胸の、さっきとはちがうところが締めつけられて言葉につまったわたしは「ありがと」とだけ素っ気なく言い、小野フランキスカはそれを聞くと「ふふっ」と満足そうに笑って、こんどはちゃんと役表に目を落とす。
栖庫のことは、栖庫と小野の因縁のことは、いまはあまり考えたくない。いずれ時が来たらわたしは栖庫の跡を襲い、栖庫の当主として何代目かの「栖庫柾楠」を名乗ることになるだろう。

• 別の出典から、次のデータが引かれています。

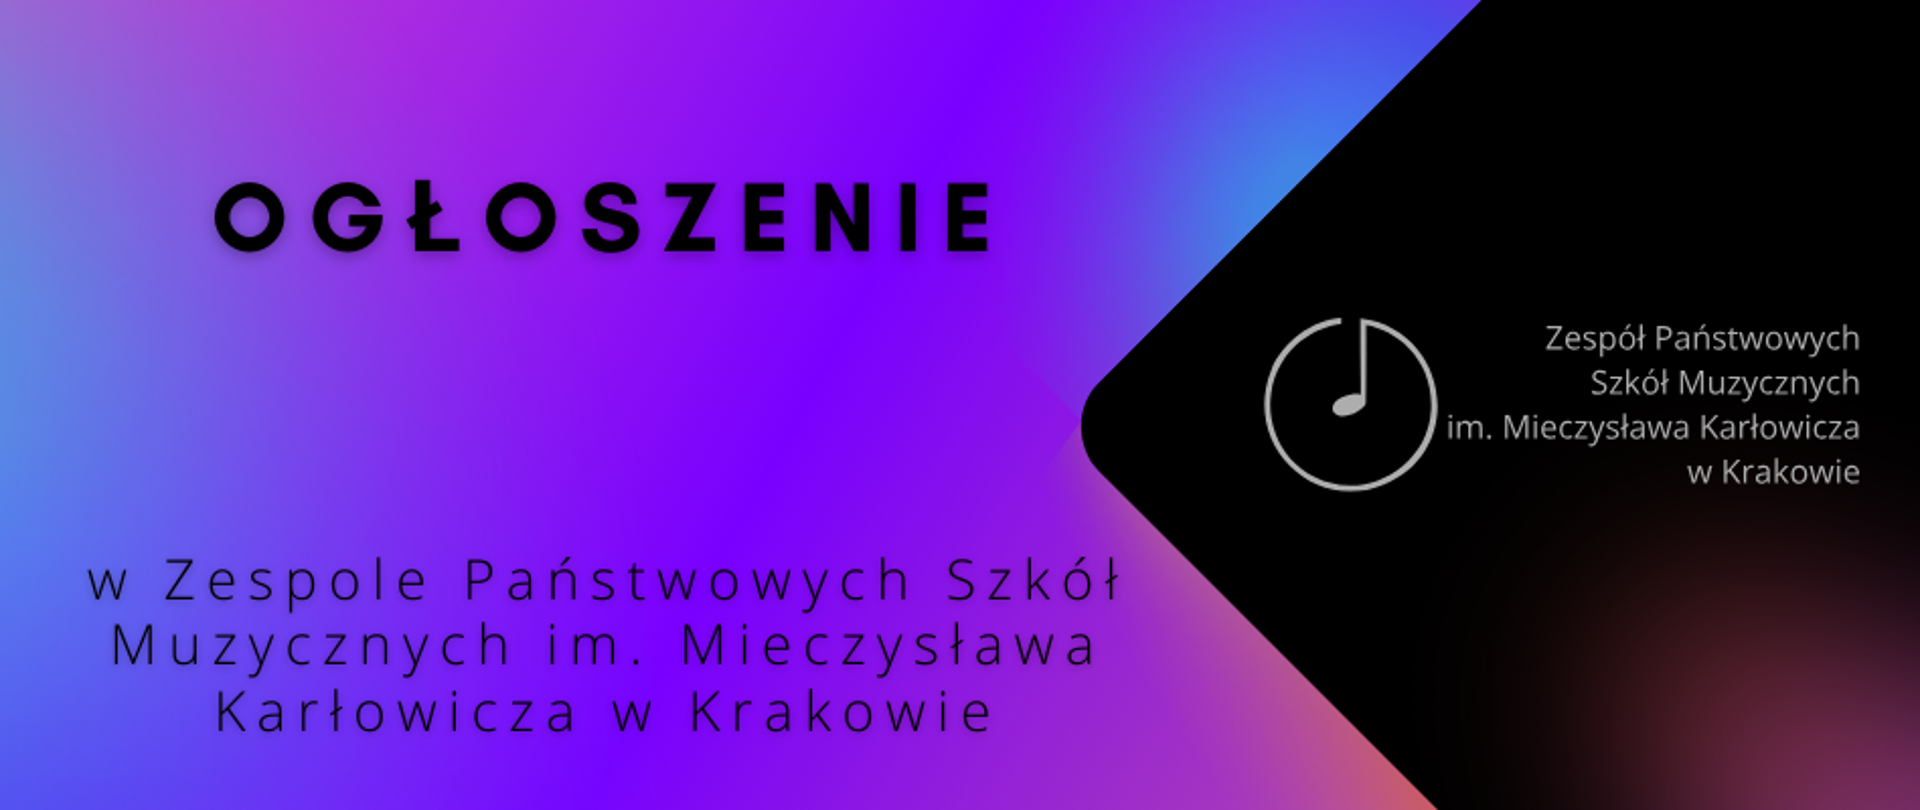 Baner z napisem ogłoszenia w Zespole Państwowych Szkół Muzycznych im. Mieczysława Karłowicza w Krakowie. W lewej części logo ZPSMuz

けれど、そうであろうがなかろうが、わたしは小野フランキスカにふりかかる災厄を祓い除け、小野フランキスカを悲しませるものすべてから守る。
小野フランキスカが小野フランキスカらしく歩いてゆけるように、わたしの命を捧げる。
小野フランキスカに最期がおとずれるそのときまで、わたしは小野フランキスカとともにある。
彼女が飛ぶというならわたしもいっしょに飛ぶし、彼女が死ぬというならそのときは一瞬たりとも遅れずわたしも死ぬ。
それが、わたしの願いだ。
「フランキスカ」 ·····わたしが名を呼ぶ
「ん」 ·····うつむいたまま軽い返事
「ぜったい勝つぞ」 エールを(祈りを)贈る
「……うん!」
ぱっと顔を上げた小野フランキスカは頷いて、「えへへ……」と笑った。